Chains: 1) A chain is prepared with 100 or 150 pieces of galvanized mild steel wire of 4 mm diameter. 2) The ends of the pieces are bent to form lops. 3) Then the pieces are connected together with the help of three oval rings, which make the chain flexible. 4) Two brass handles are provided at the two ends of the chain. 5) Tallies are provided at every 10 or 25 links for facility of counting. 6) One link means the distance between the centers of adjacent middle rings. 7) Types of Chains: a) Metric Chain b) Steel Band c) Engineer’s Chain d) Gunter’s Chain e) Revenue Chain
Types of Chains: a) Metric Chain b) Steel Band c) Engineer’s Chain d) Gunter’s Chain e) Revenue Chain
Metric Chain: a) Available in lengths of 20 m & 30 m. b) 20 m chain is divided into 100 links, each of 0. 2 m. Tallies are provided at every 10 links (2 m). Suitable for measuring distance along fairly level ground. Here central tally has circular shape. c) 30 m chain is divided into 150 links, each link is of 0. 2 m. Tallies are provided after every 25 links (5 m). Round brass ring is fixed after every meter. Here central tally has 3 teeth.
30 m chain Tally at 5, 10 , 15, 20 & 25. 1 Link = 0. 2 m No. of links 150
2) Steel Band: Ribbon of steel of 16 mm width and 20 or 30 m length. Used where more accuracy is required. 3) Engineer’s Chain: 100 ft long & divided into 100 links. Each link is of 1 ft. Tallies are provided at every 10 links. Previously used for all engineering works. 4) Gunter’s Chain: 66 ft long & divided into 100 links. Each link is of 0. 66 ft. Previously used for measuring distance in miles & furlongs. 5) Revenue Chain: 33 ft long & divided into 16 links. Mainly used in cadastral survey.

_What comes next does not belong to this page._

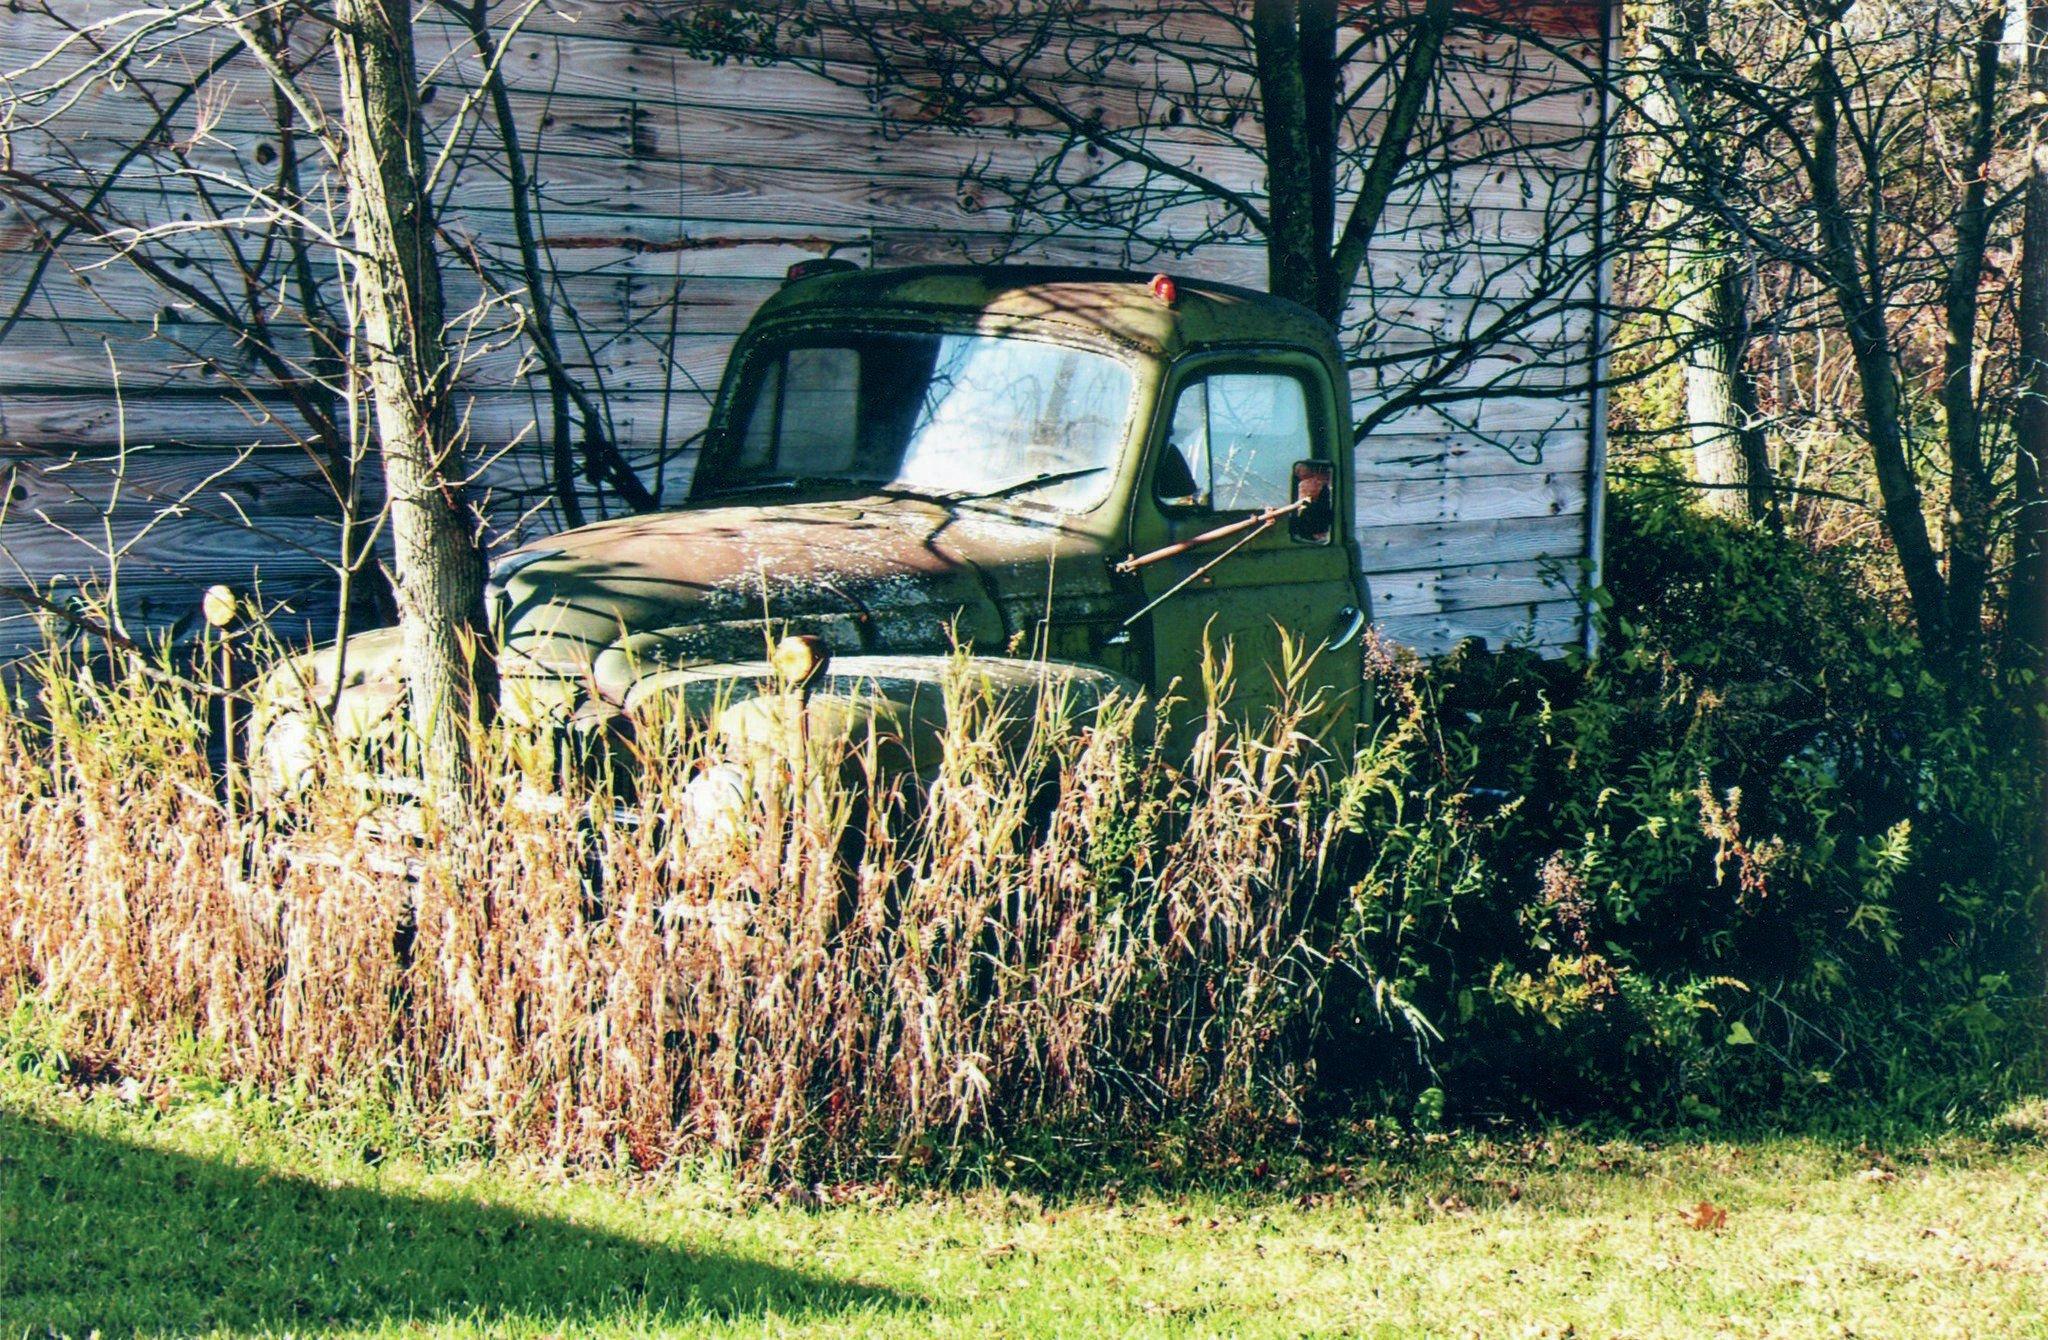 1950 International Harvester Tuck Forgotten Rusting wallpaper

Tapes: 1) Cloth or Linen Tape: made up of closely woven linen & is varnished to resist moisture. It is 15 mm wide & available in length of 10 m& 15 m. Generally used for measuring offsets & for ordinary works. 2) Steel Tape: made up of steel ribbon & available in length of 10, 15, 20, 30 & 50 m. It is not used in the fields but used for measurements in constructional works. 3) Invar Tape: made of an alloy 64% & nickel 36%. Thermal coeff. is very low. Ribbon of 6 mm width & length of 30, 50 & 100 m. It is used where maximum precision is required. Generally in triangulation survey conducted by the Survey of India Department. 4) Metallic Tape: when linen tape is reinforced with brass or copper wires to make it durable then it is called a metallic tape. Available in length of 15, 20, & 30 m. It is wound on a leather case with brass handled at the end. Commonly used for all survey works.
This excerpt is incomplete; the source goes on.